- [Problem description]
An exact copy of the data is needed, but without any of its images.

- [Material provided]
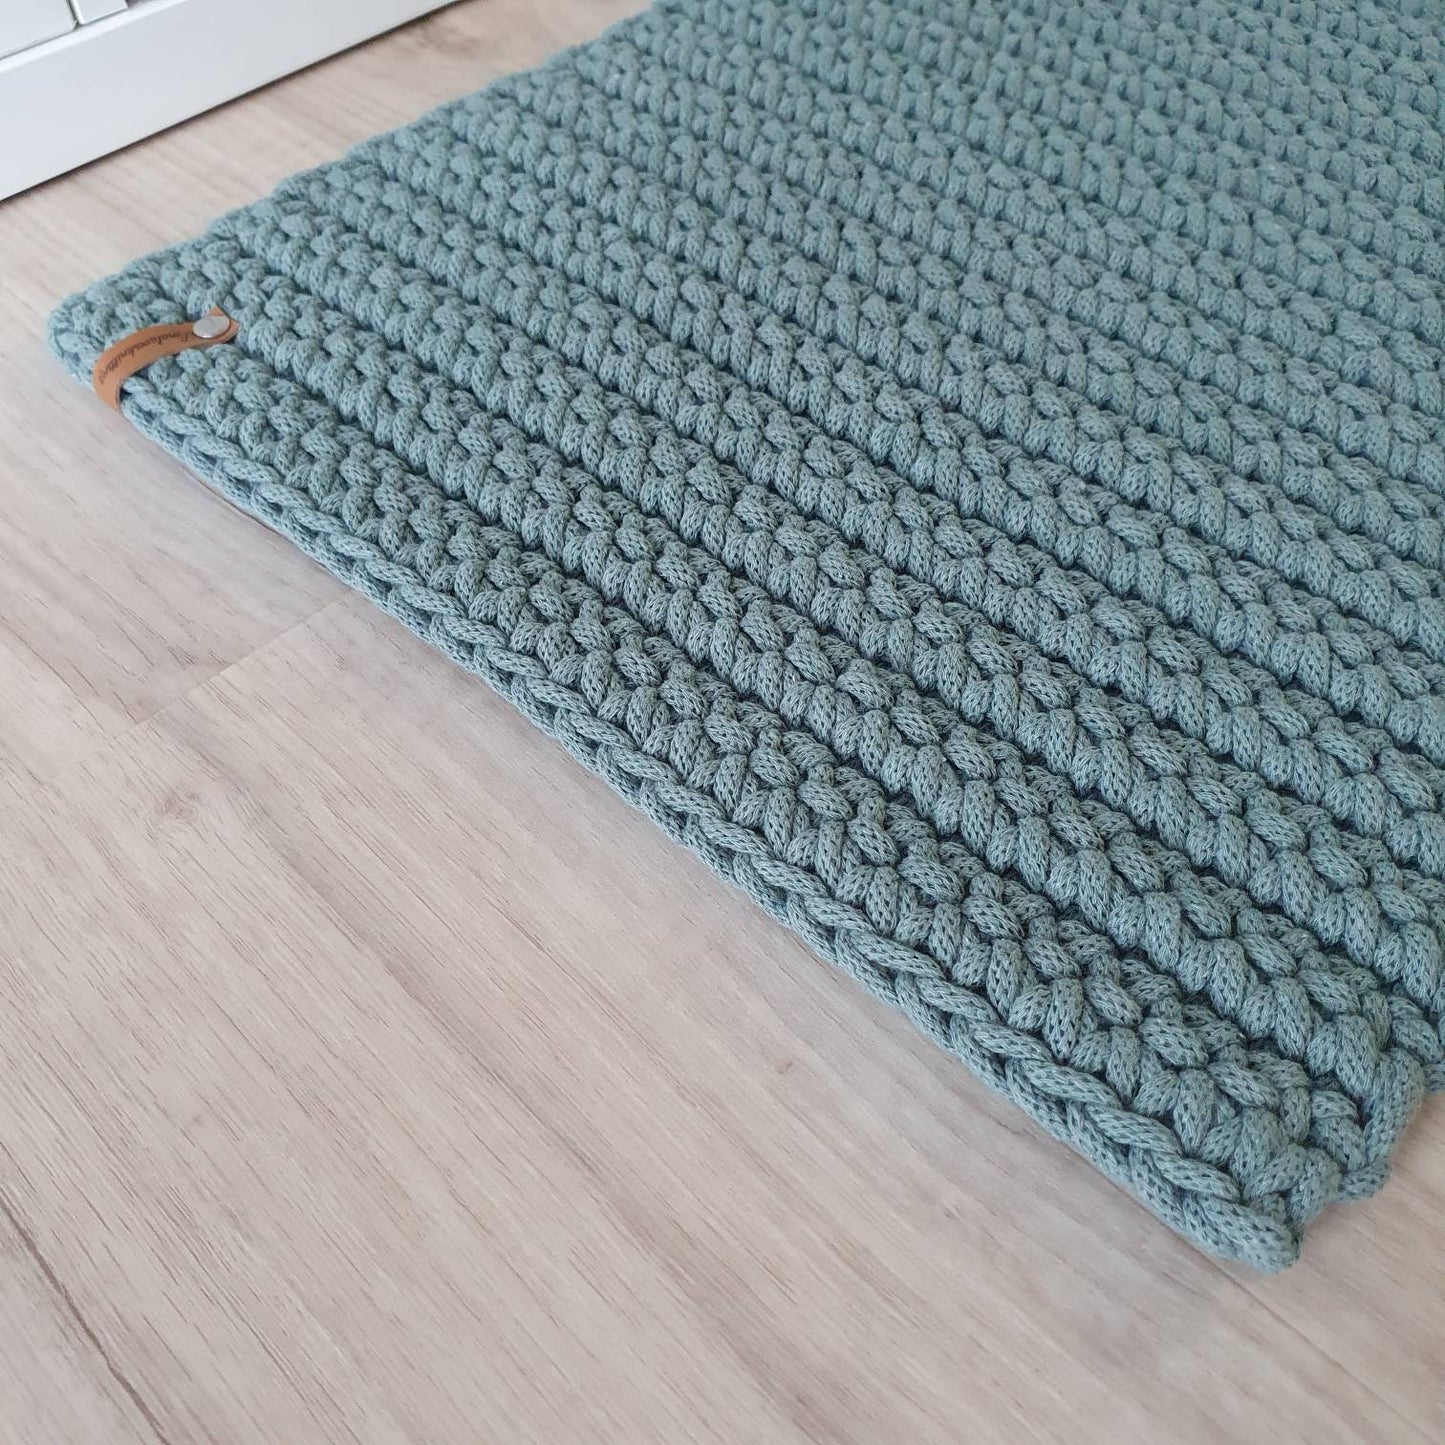 Crocheted rug made from 100% recycled cotton
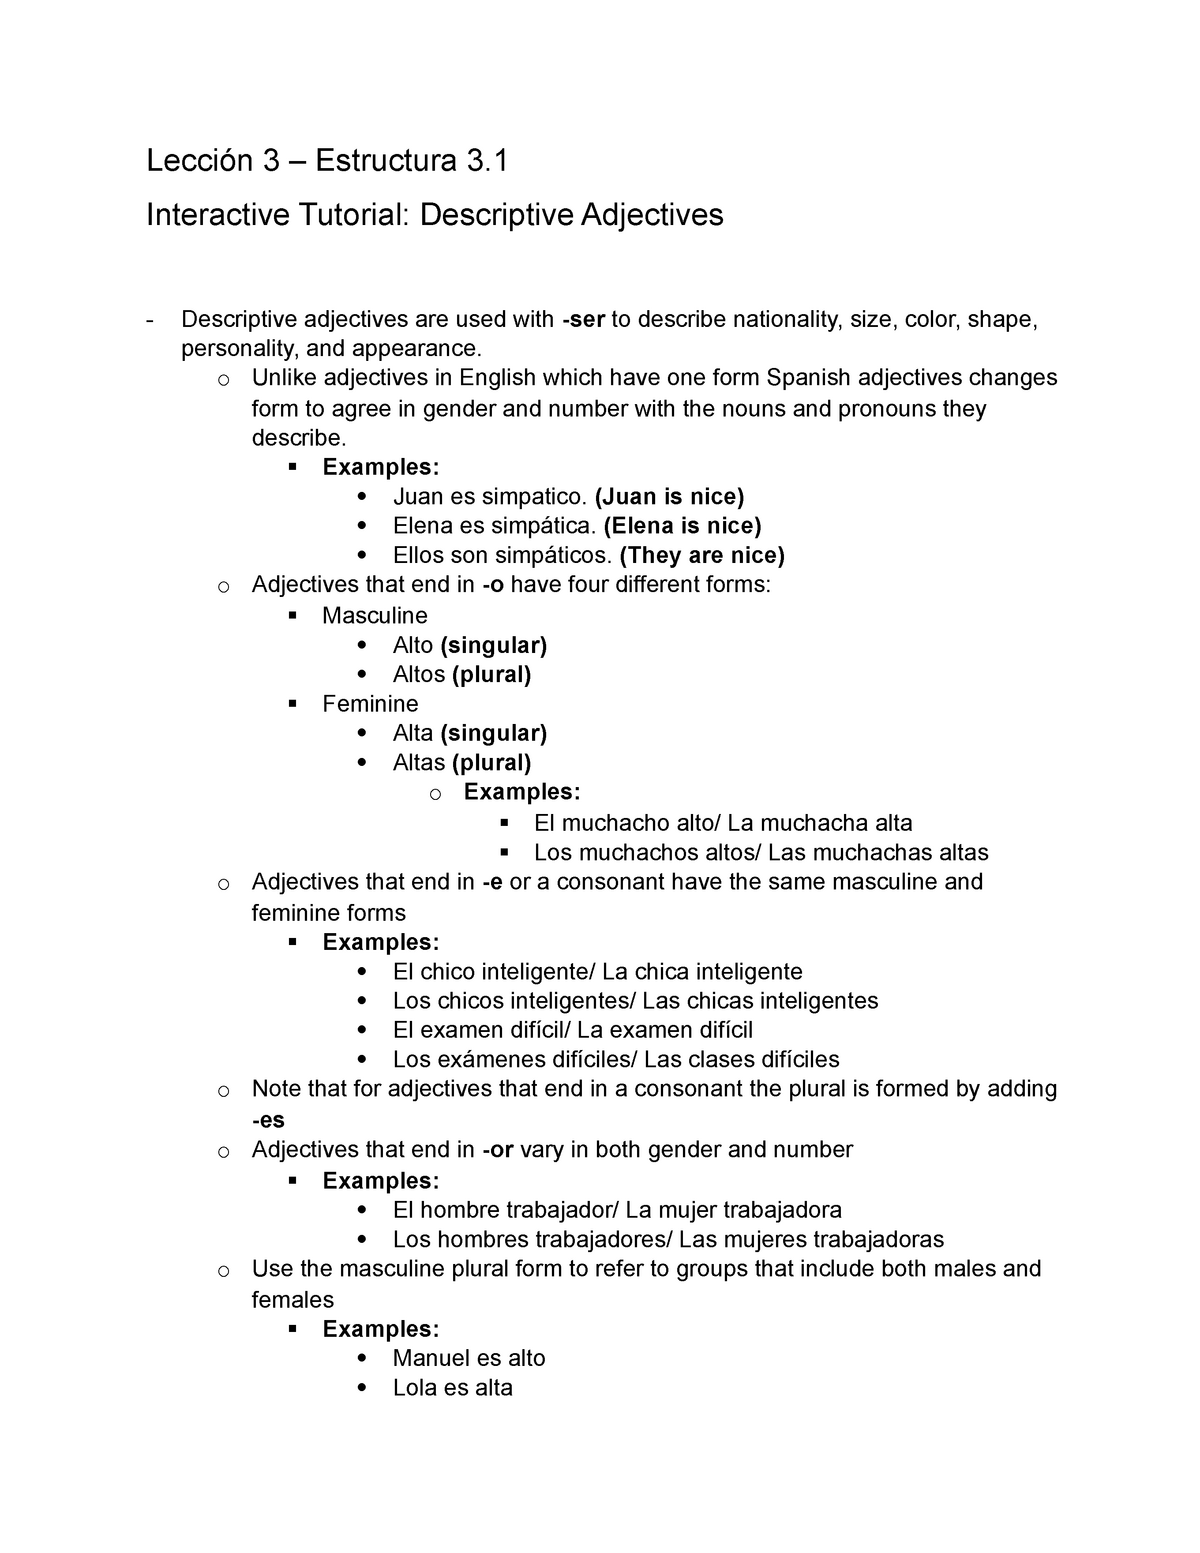 Lecci n 3 Estructura 3 1 Tutorial Notes On Descriptive Adjectives In Spanish Lecci n 3
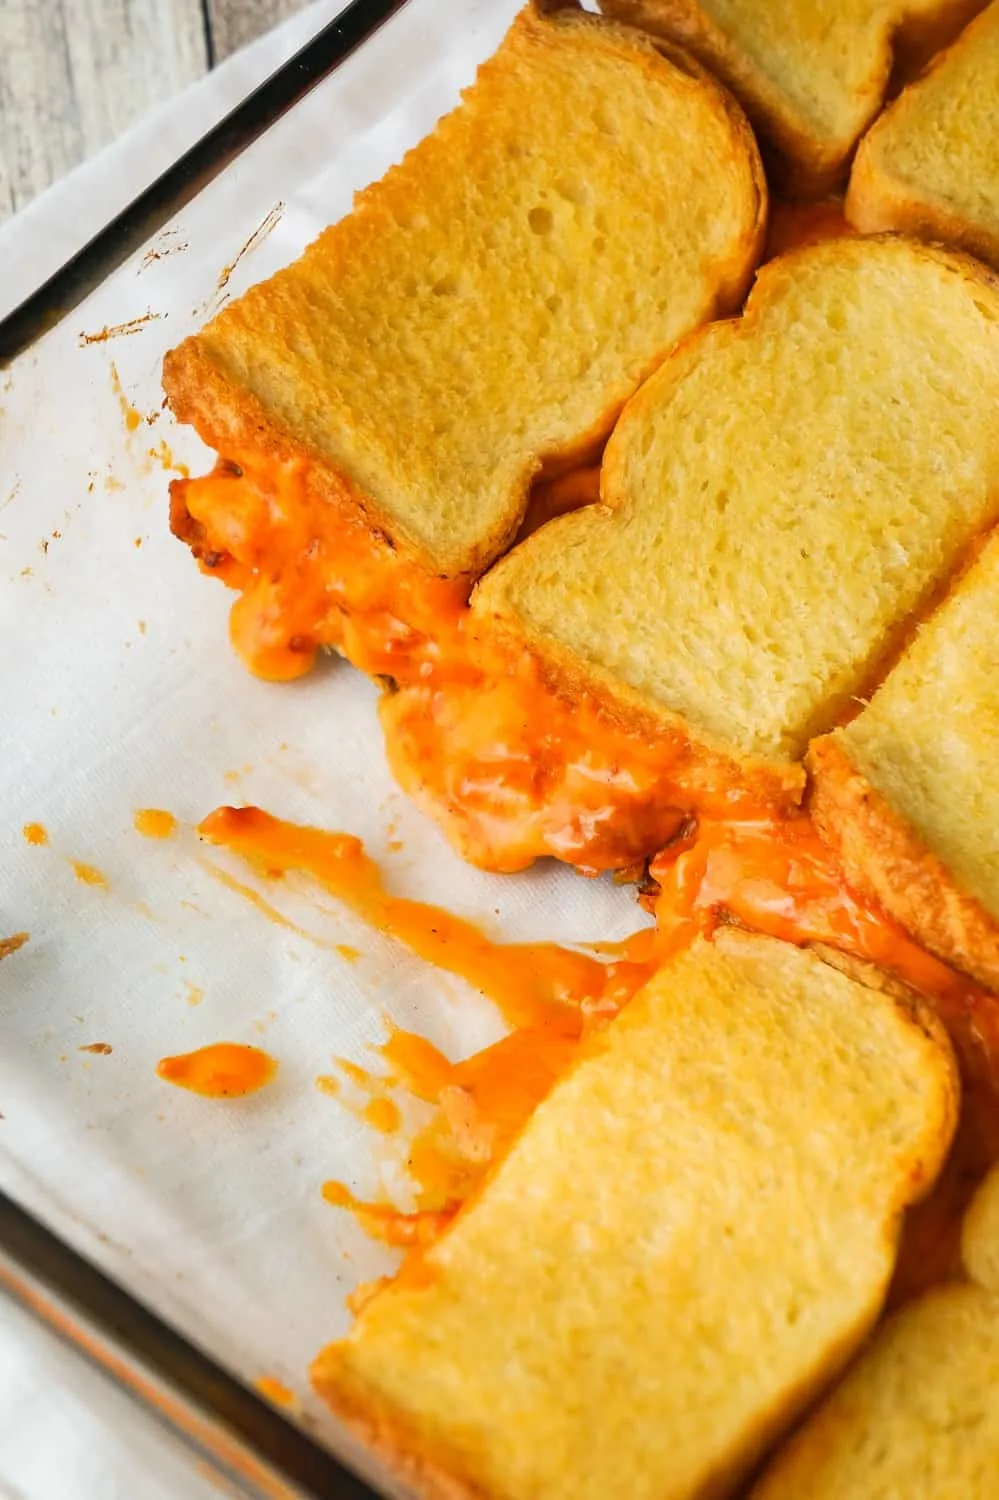 Tomato Soup & Bacon Grilled Cheese Casserole is an easy lunch or dinner recipe the whole family will love. This easy casserole is loaded with shredded cheddar cheese, real bacon bits and condensed tomato soup, all sandwiched between two layers of bread.

- [Result of the task]
 Crocheted rug made from 100% recycled cotton
 Lecci n 3 Estructura 3 1 Tutorial Notes On Descriptive Adjectives In Spanish Lecci n 3
 Tomato Soup & Bacon Grilled Cheese Casserole is an easy lunch or dinner recipe the whole family will love. This easy casserole is loaded with shredded cheddar cheese, real bacon bits and condensed tomato soup, all sandwiched between two layers of bread.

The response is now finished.